四姐,除了任督兩條主脈,還有哪些地方行氣時有不妥?”
瓠采亭的所有意志力都在用于對抗那只亂躥的小野獸,對于慶云的文化,也只是循著本能,隨口作答,
“嗯,沖,帶兩脈,陰蹺,陽維,也有些…”
她忽然發現自己竟然報出了陰蹺的名字,不禁雙頰緋紅,倏然住口。
“知道了!”
慶云收心寧神,一入冥想,便無欲無知。
反倒是瓠采亭無法向他一般心如止水,心中的猛獸已經變成了洪荒巨蟒,吞噬著她的沒一分理智。
熱泉的霧氣越來越濃,慶云的手掌用暖融融的九陽真氣熨著奇經八脈,瓠采亭感覺自己整個人都要沸騰了。

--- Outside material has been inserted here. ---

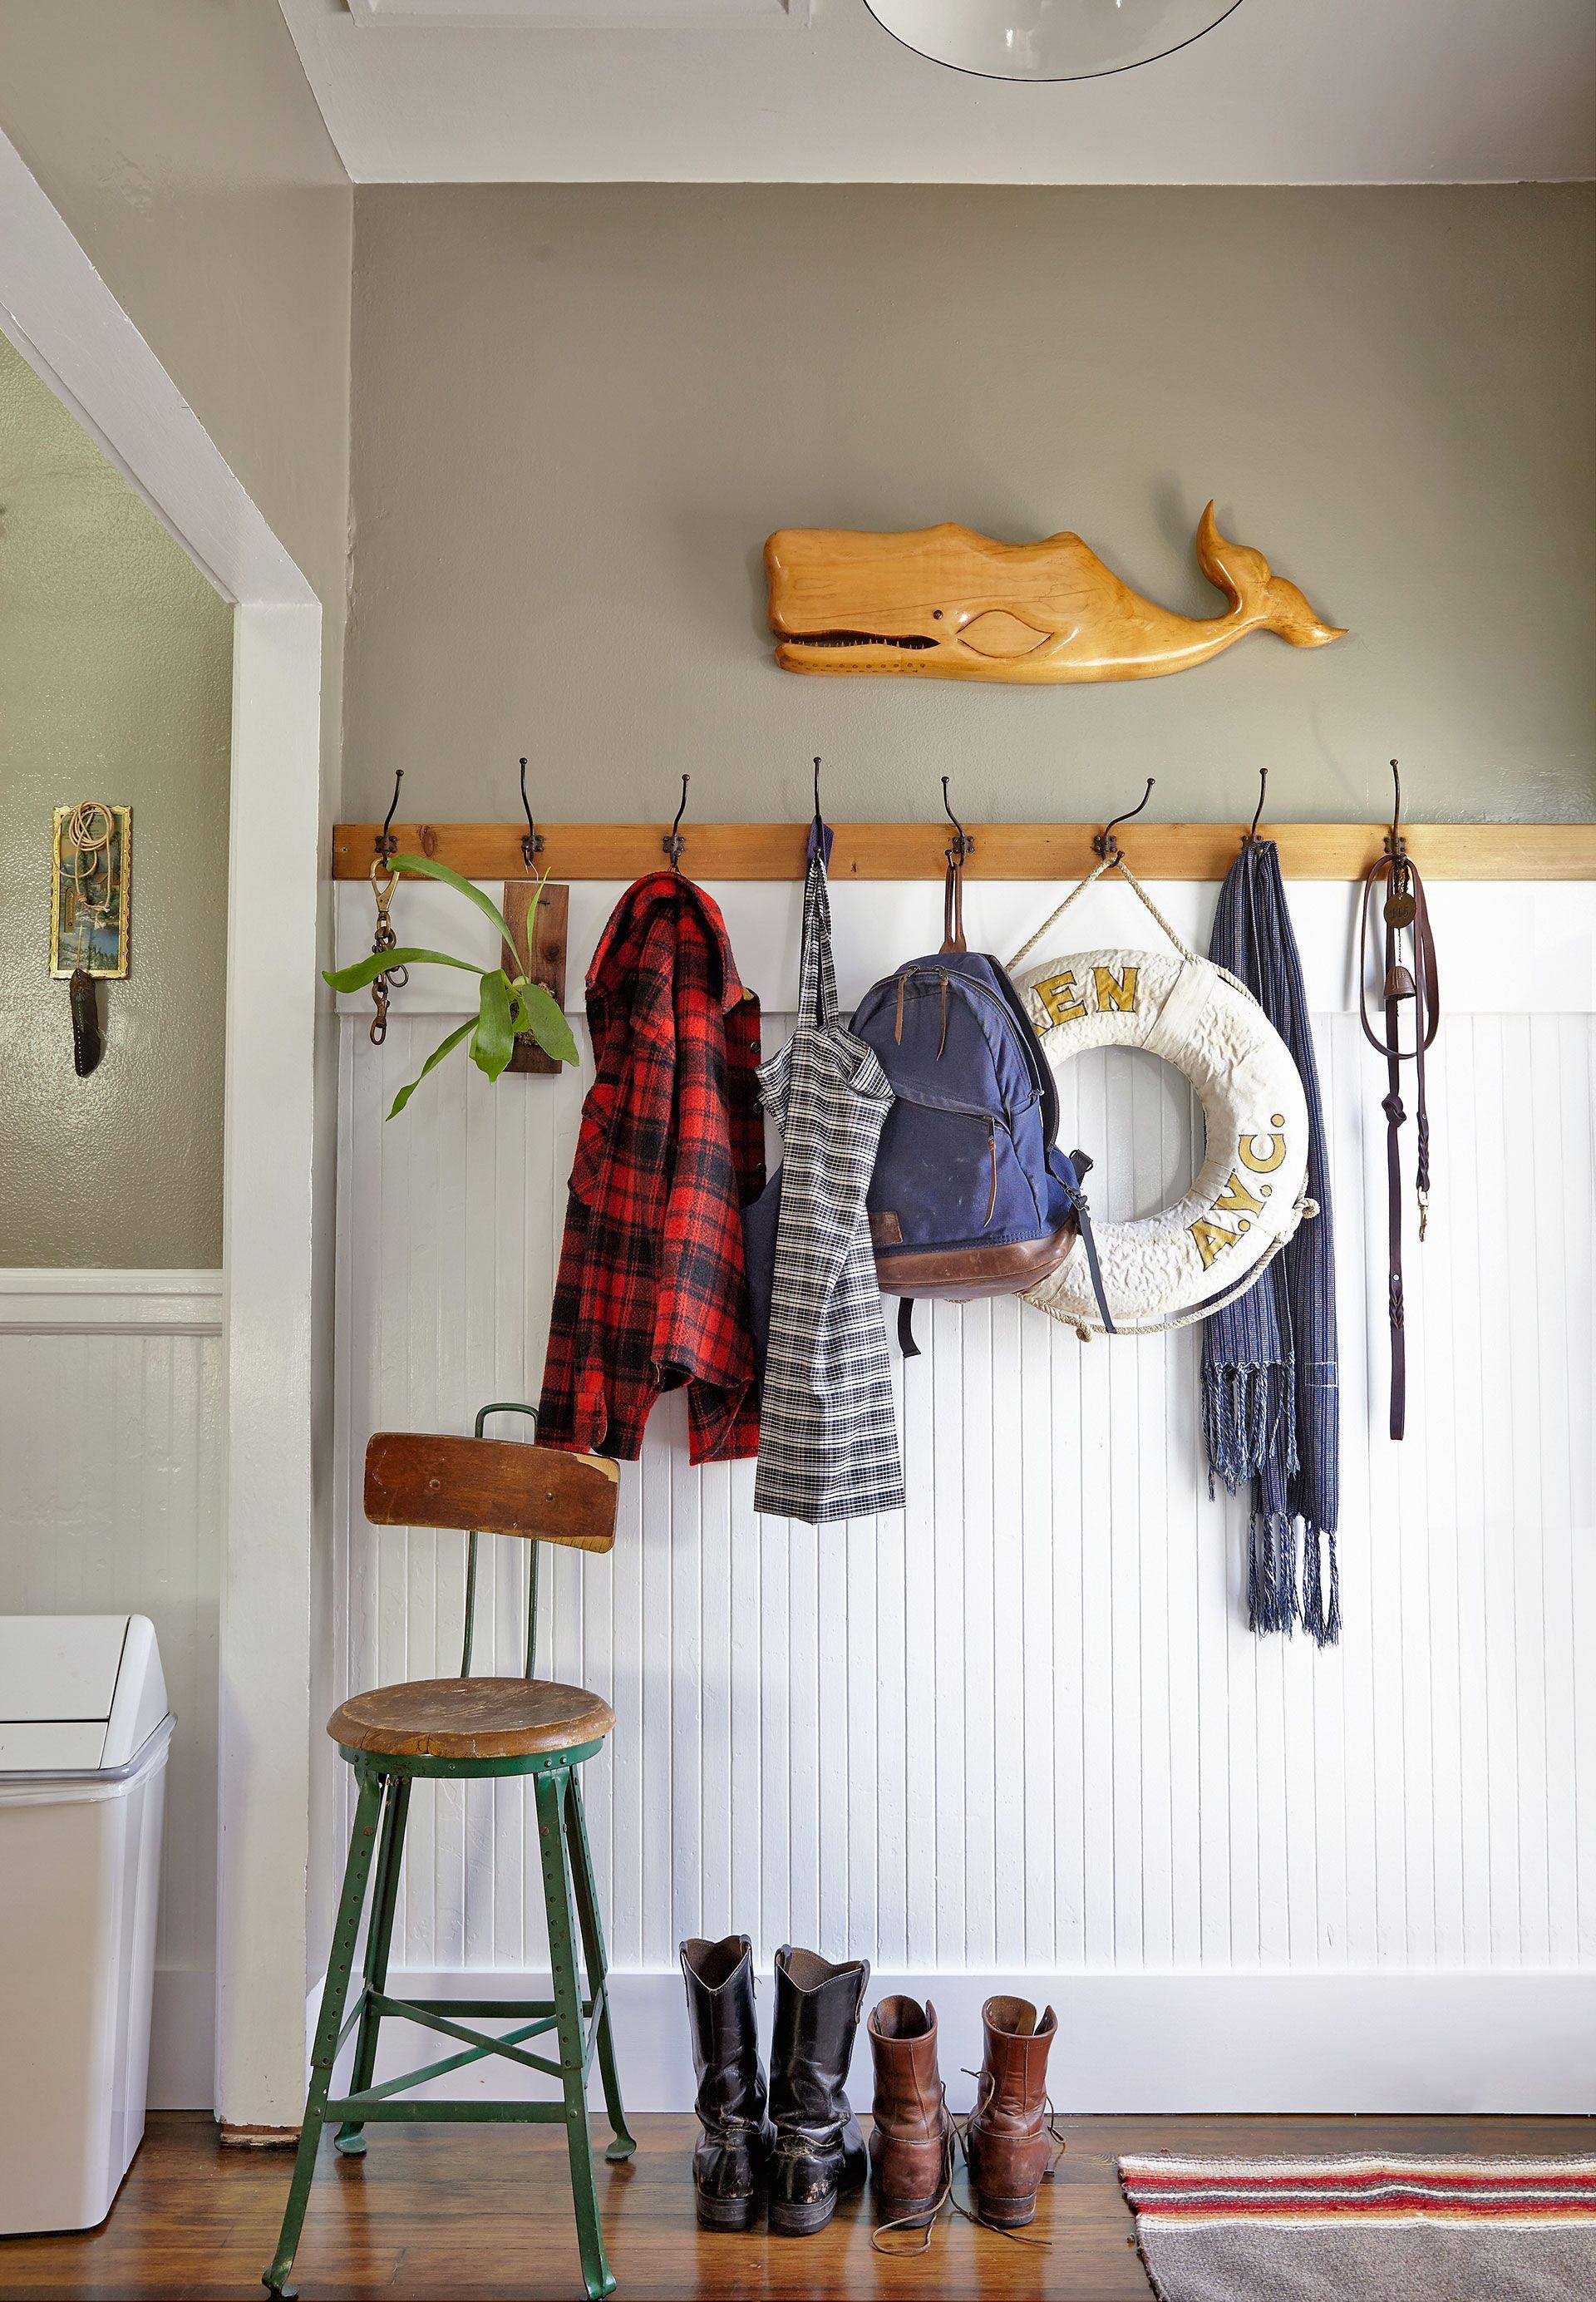 Mud Room Ideas - Decorating a Mud or Laundry Room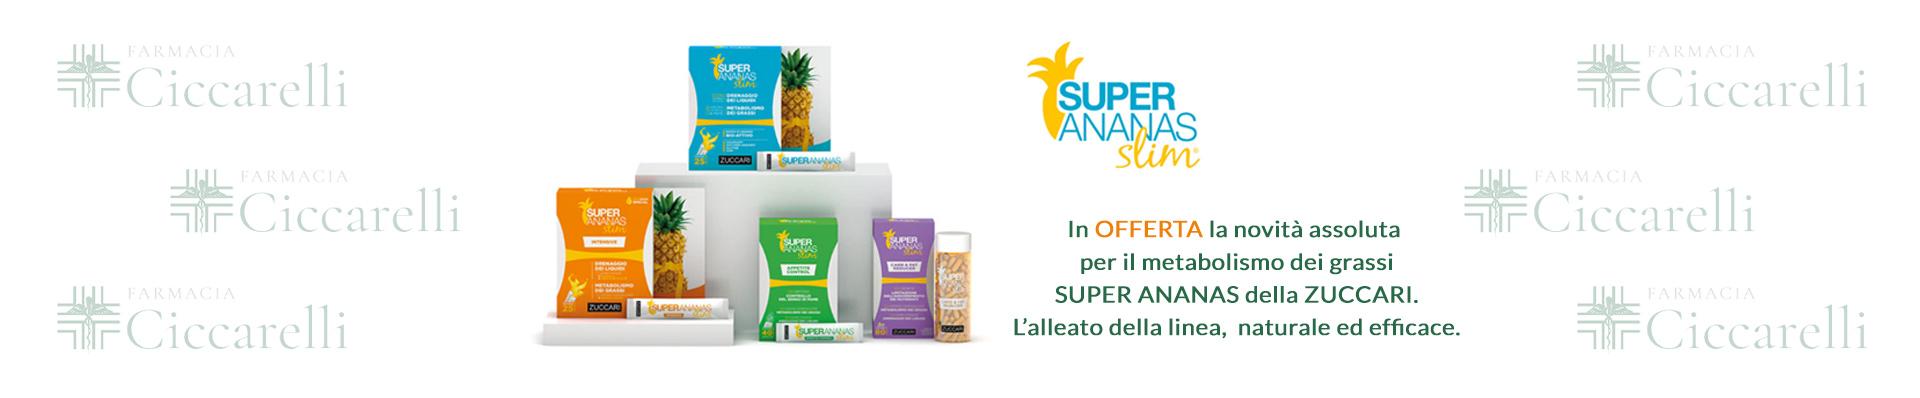 Super Ananas Slim Zuccari

她下意識地反身一抓,這次輪到慶云打了個冷戰,心胸一陣翻涌,
“四姐,別,我有些難受。”
理智猛得占據了瓠采亭的大腦。
自己這是在敢什么蠢事!
那可是五弟行功的重要關頭,豈能打擾…
她用力咬了咬舌尖,借著那分痛拉扯著全身的神經,將那頭吞天巨網牢牢網住,重新鎖回了心門。
瓠采亭自己也在不斷行氣引導,查探每一處寒毒的殘留。
這件事畢竟只有她自己才能完成,慶云并無法感知到她自己的身體,無法感知到剛才她心中是怎樣一番天人交戰。
瓠采亭長長吁出了一口氣,
“我感覺,身上的寒毒已經除的差不多了。
我剛才提到的穴位,應該就是寒毒聚集的巢穴。
你幫李家三公子也看看吧。
你…你閉上眼睛。
我要出去了。”
慶云散氣還神,池水中蕩漾的漣漪似乎又波動了他的心弦。
不知怎的,他心中有一種非常微妙的錯億之憾,但他卻又不知憾從何來。
此情可待成追憶,只是當時已惘然。